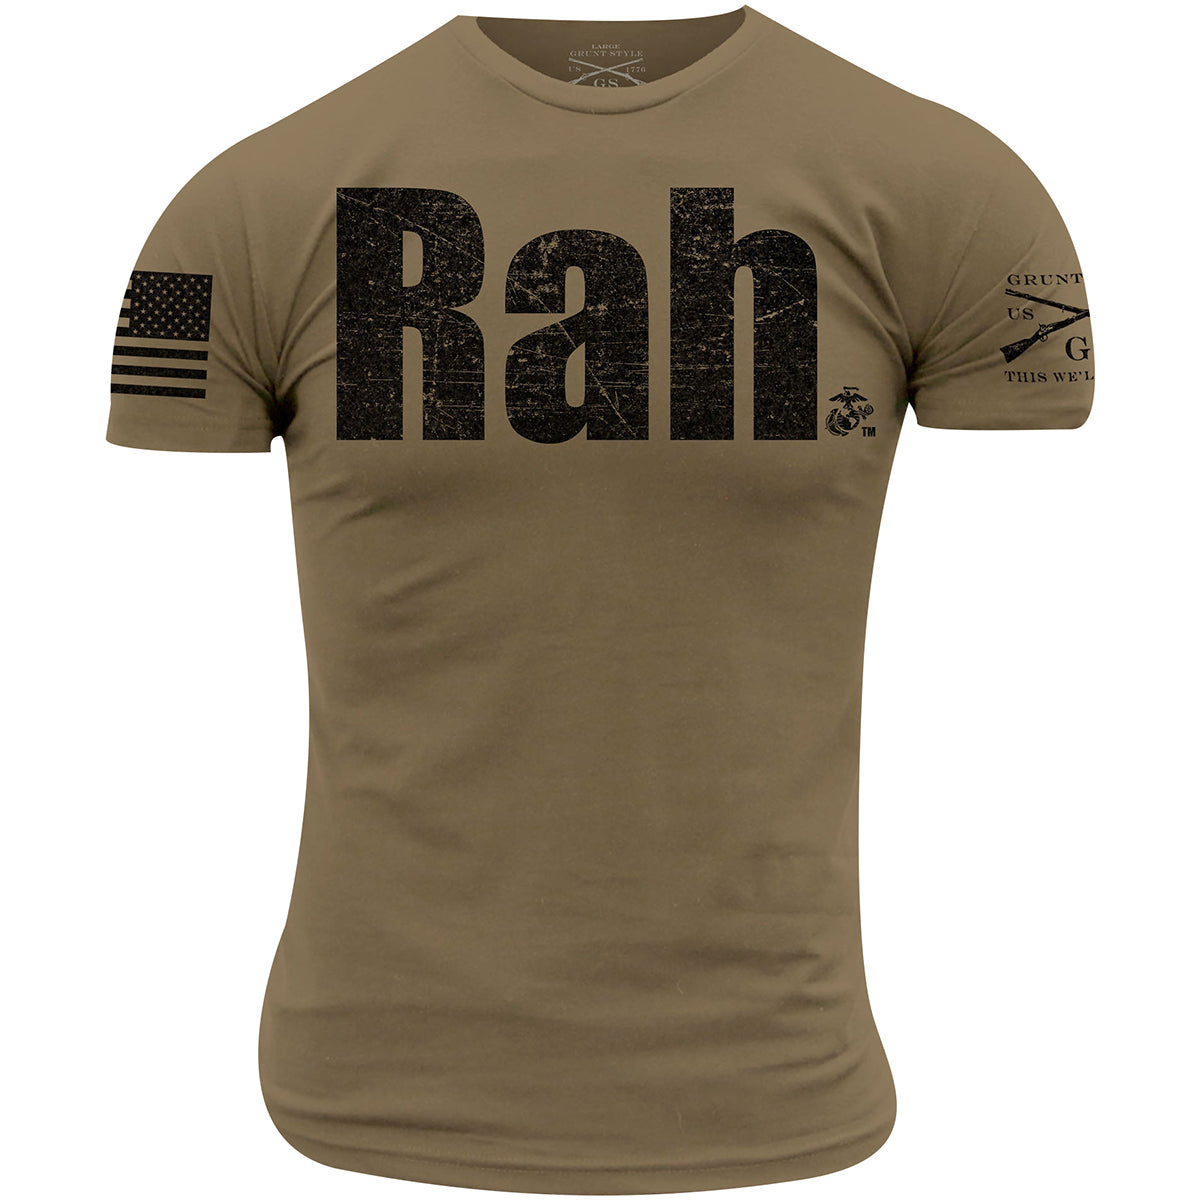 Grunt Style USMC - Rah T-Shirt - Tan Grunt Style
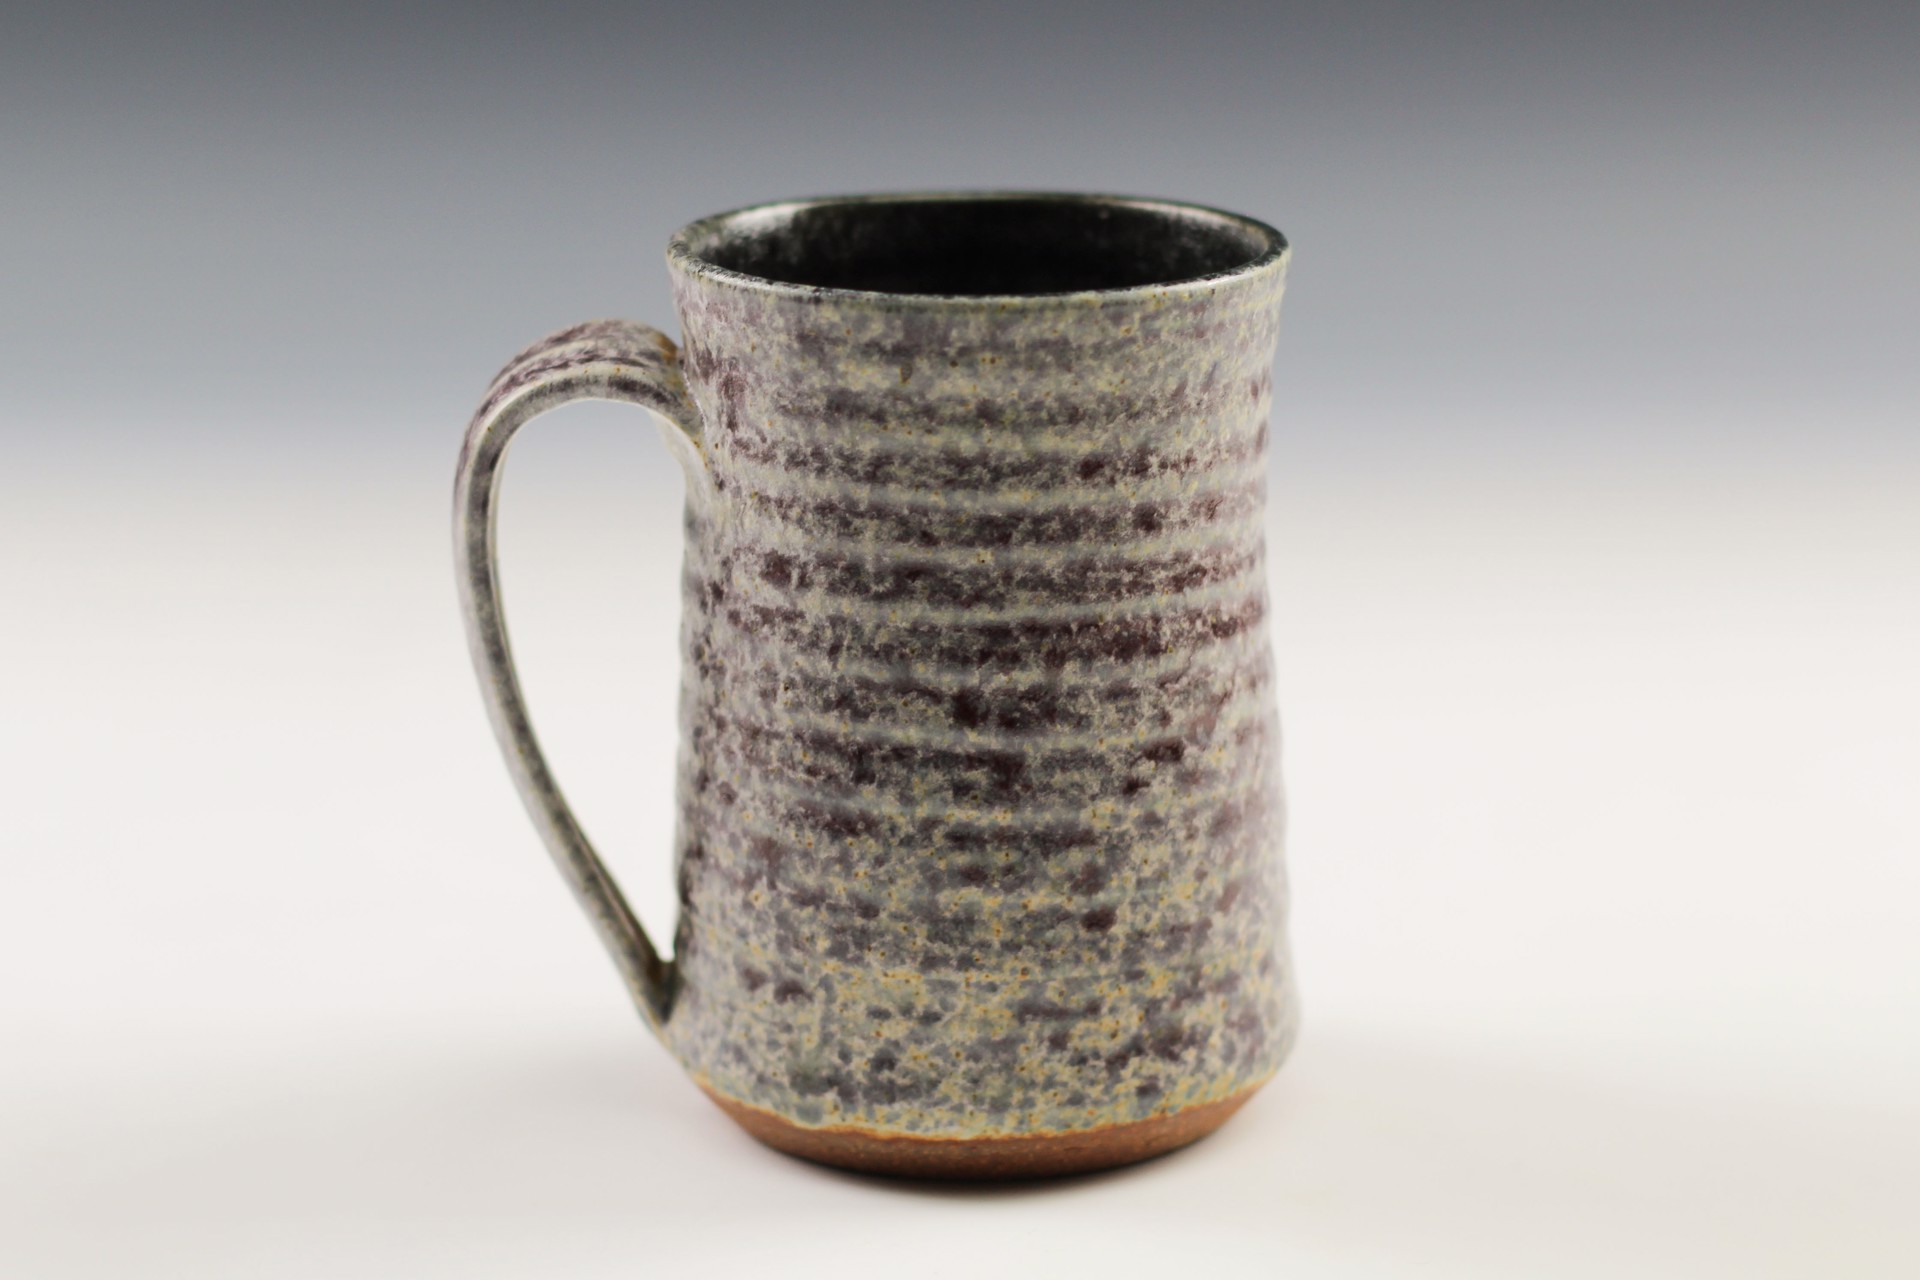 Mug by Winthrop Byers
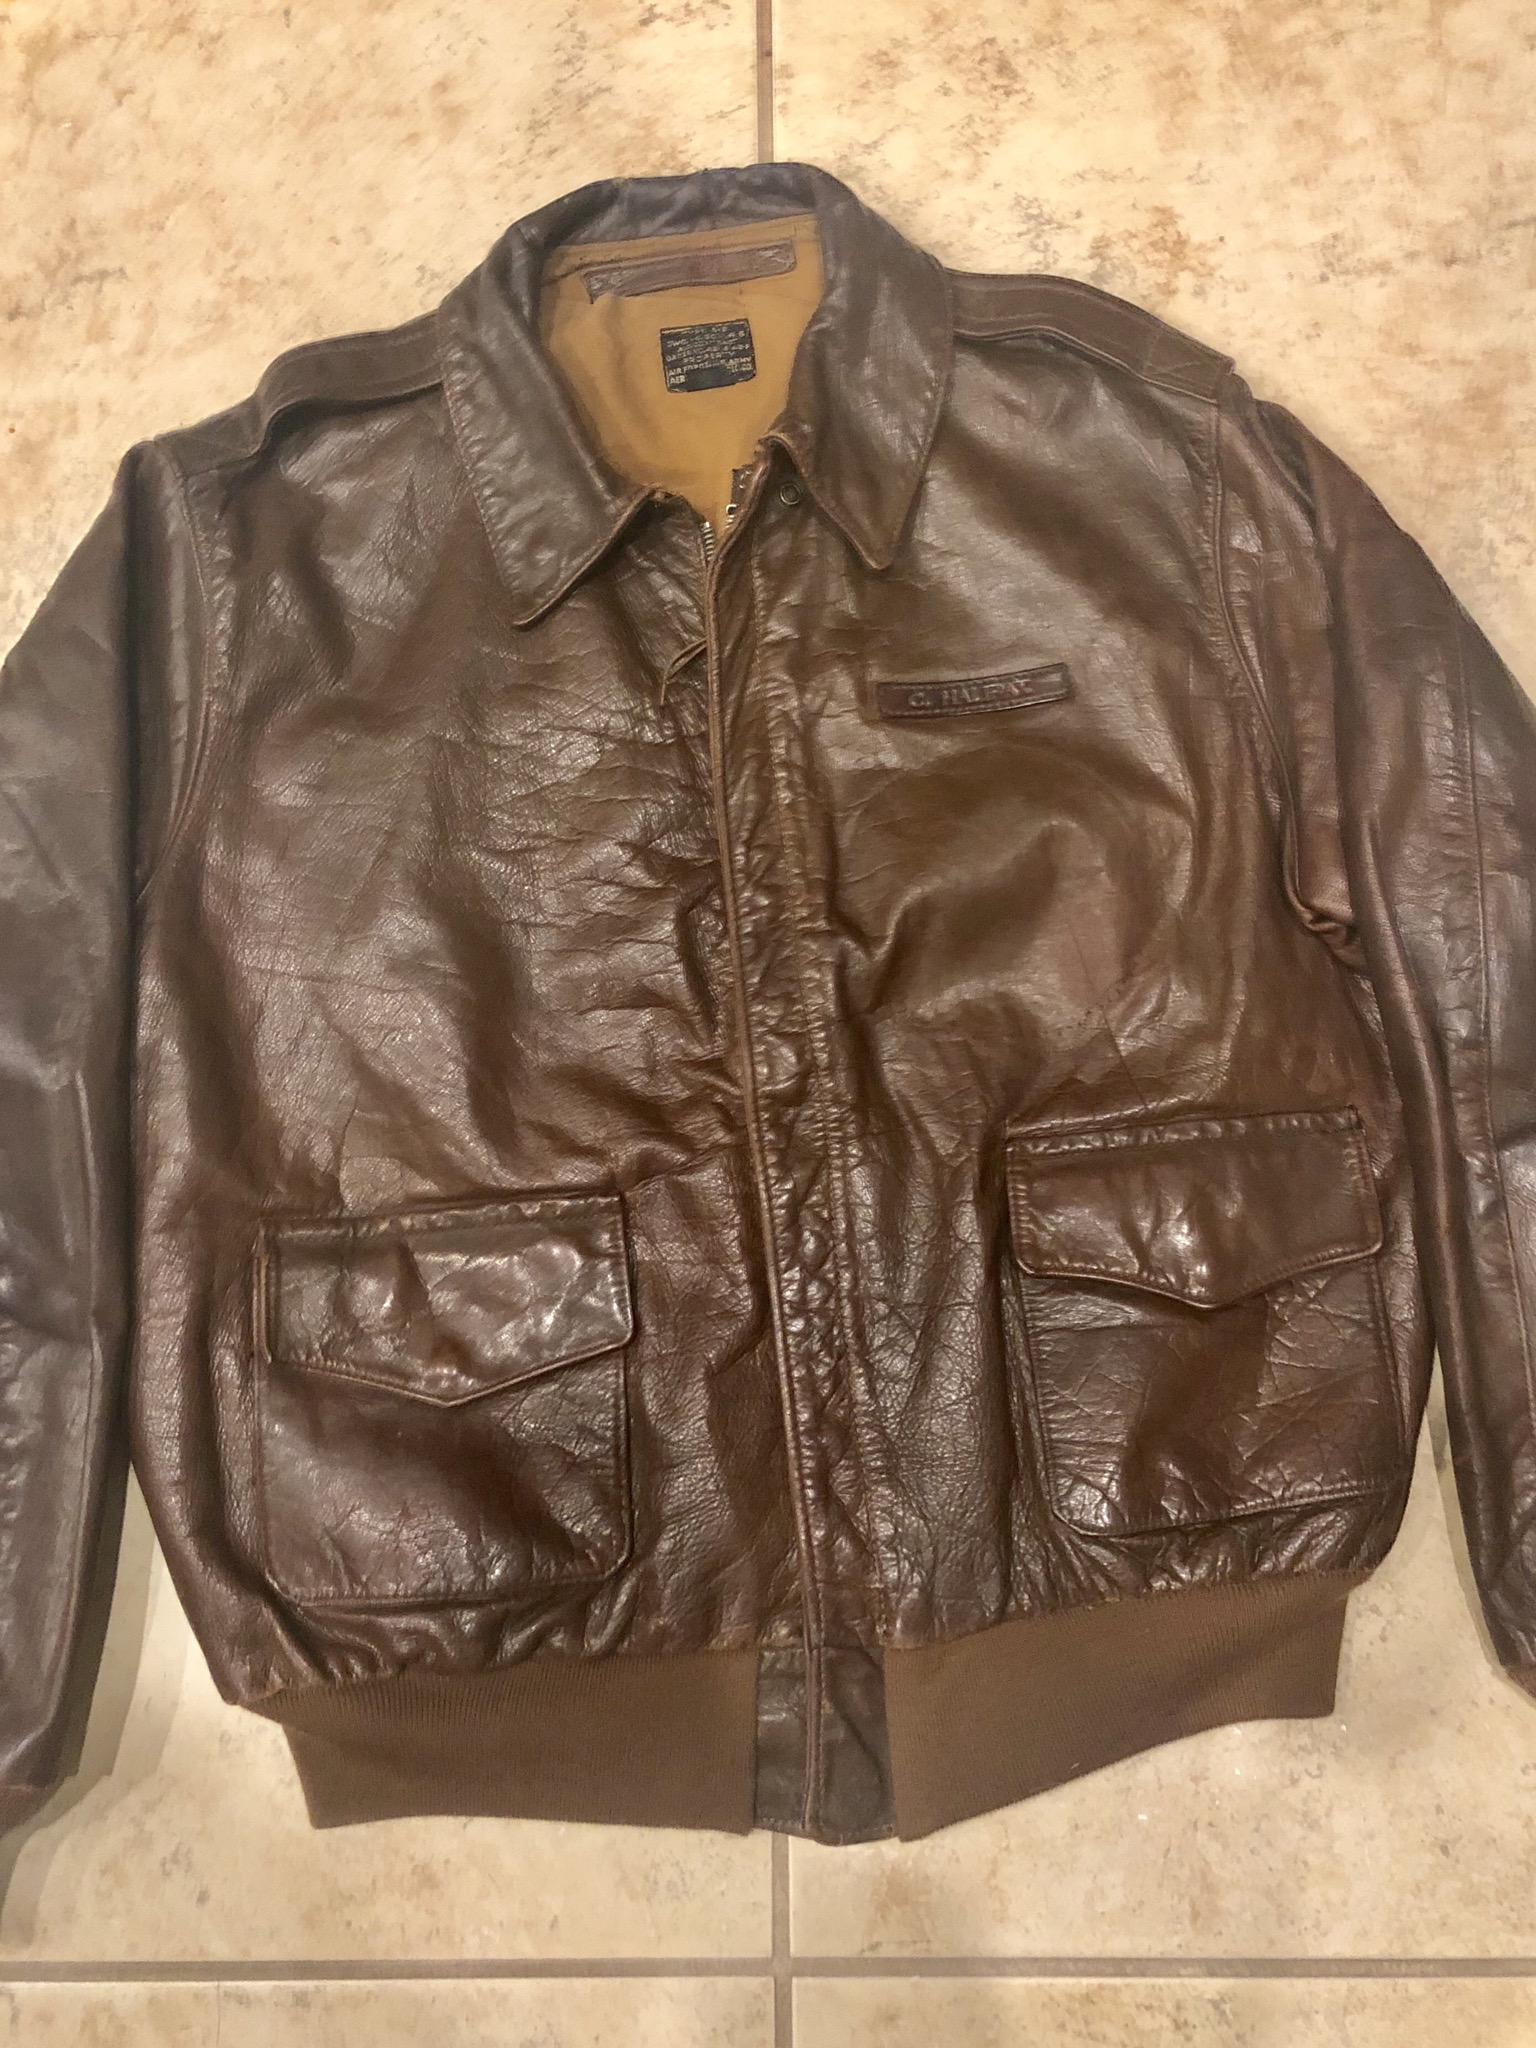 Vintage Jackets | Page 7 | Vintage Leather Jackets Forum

◆ **Task brief**
Print the material above once more, exactly, minus the pictures.

◆ **Output of the exercise**
 Grunt Style USMC - Rah T-Shirt - Tan Grunt Style
 Mug by Winthrop Byers
 Vintage Jackets | Page 7 | Vintage Leather Jackets Forum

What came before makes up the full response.